CF 9B - Running Student
The student is already riding a bus that moves along the x-axis from left to right. The bus stops at fixed positions (xi, 0) in increasing order. At any stop except the first one, the student may get off and run directly to the university located at (xu, yu).
Rating: 1200
Tags: brute force, geometry, implementation
Solve time: 1m 26s
Verified: yes
Solution
Problem Understanding
The student is already riding a bus that moves along the x-axis from left to right. The bus stops at fixed positions (xi, 0) in increasing order. At any stop except the first one, the student may get off and run directly to the university located at (xu, yu).

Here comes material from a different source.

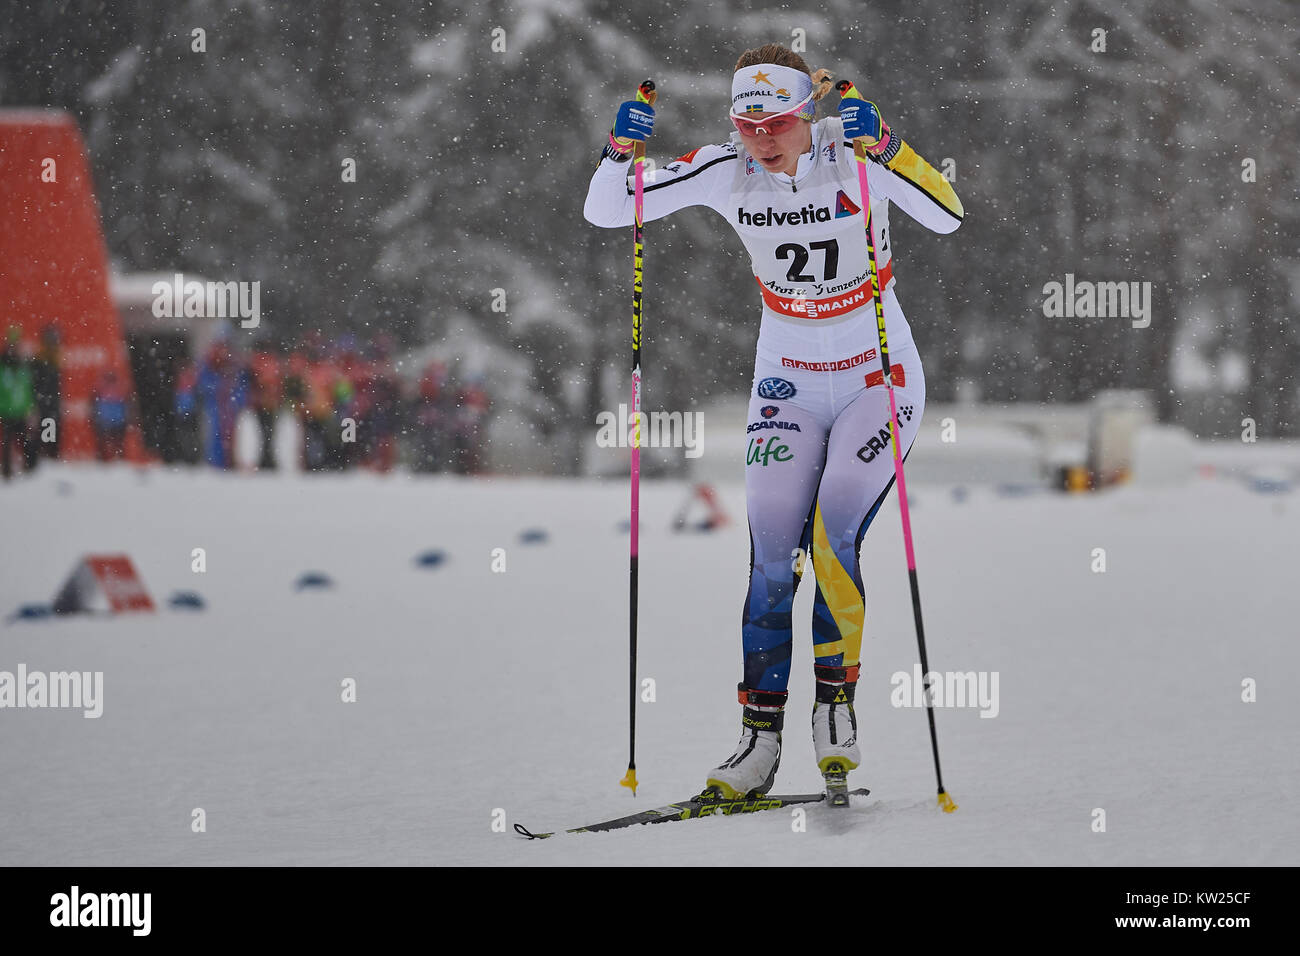 Lenzerheide, Switzerland, 30th December 2017. SETTLIN Evelina (SWE) during the Ladies’ 1.5 km Sprint Competition at the FIS Cross Country Worldcup Tour de Ski 2017 in Lenzerheide. Photo: Cronos/Rolf Simeon/Alamy Live News Stock Photo
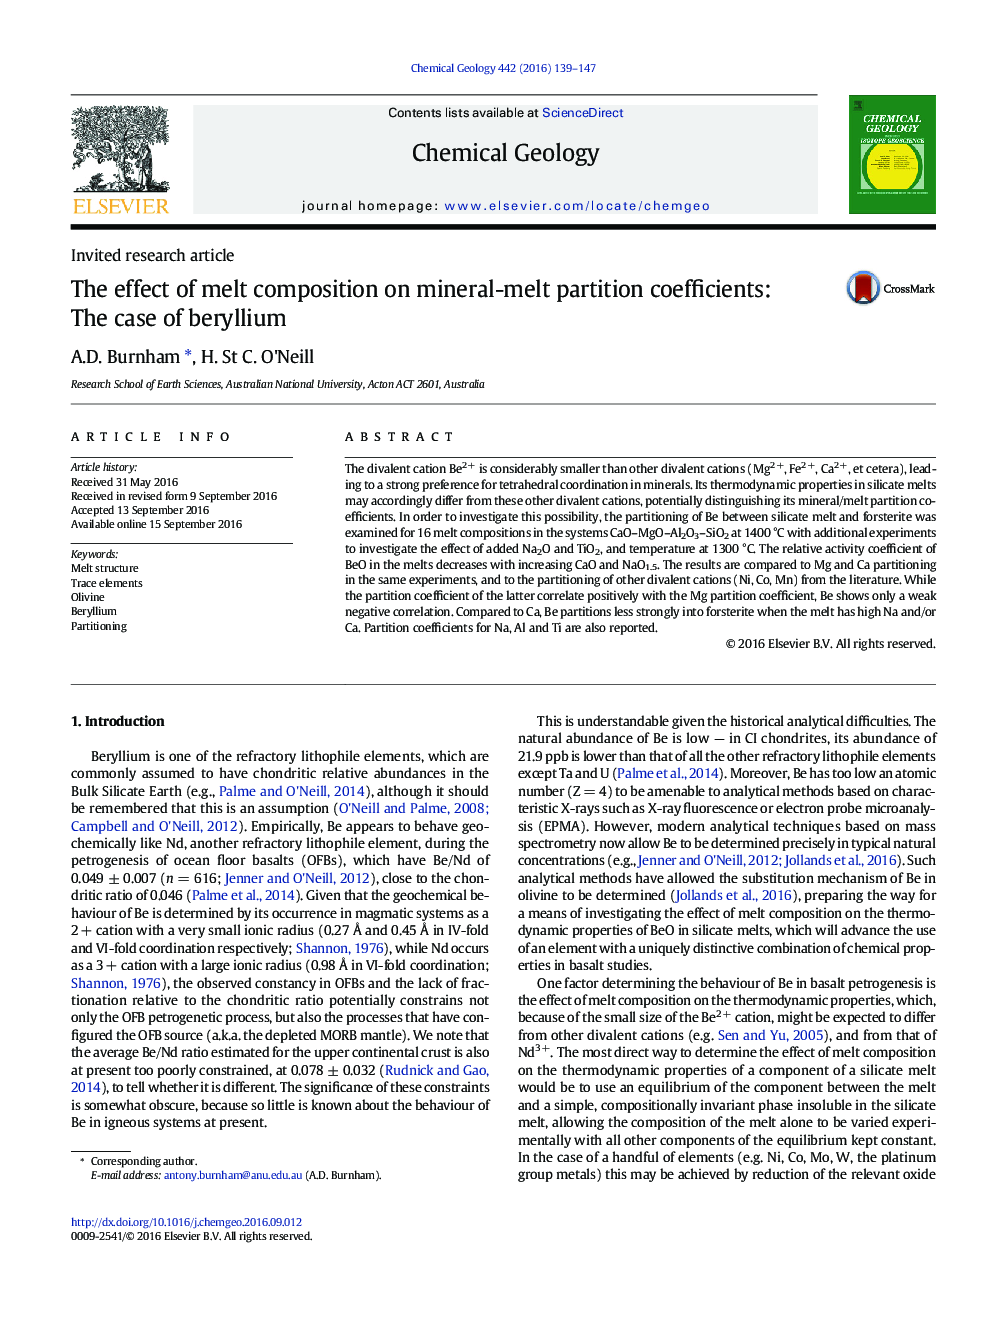 The effect of melt composition on mineral-melt partition coefficients: The case of beryllium

If the student stays on the bus until stop i, the total travel time has two parts. The first part is the time spent on the bus from x = 0 to x = xi. Since the bus moves at constant speed vb, this time is xi / vb. The second part is the running time from (xi, 0) to (xu, yu). That distance is Euclidean distance, so the running time is:
$$\frac{\sqrt{(xu - xi)^2 + yu^2}}{vs}$$
The task is to find the stop index that minimizes total arrival time. If multiple stops produce exactly the same time, we must choose the stop that is physically closer to the university.
The constraints are tiny. There are at most 100 stops, so even checking every stop directly is trivial. A solution doing O(n) or O(n^2) work is completely safe within a 1 second limit. This problem is not about optimization tricks, it is about implementing the comparison logic correctly and handling floating point comparisons carefully.
The first subtle edge case is the tie-breaking rule. Two stops may produce exactly the same total travel time, but the answer is not necessarily the earlier stop. We must choose the stop closer to the university.
Consider:
3 1 1
0 2 4
3 4
For stop 2:
bus time = 2
run distance = 5
total = 7
For stop 3:
bus time = 4
run distance = 1
total = 5
The later stop wins because even though the bus ride is longer, the running distance becomes much shorter.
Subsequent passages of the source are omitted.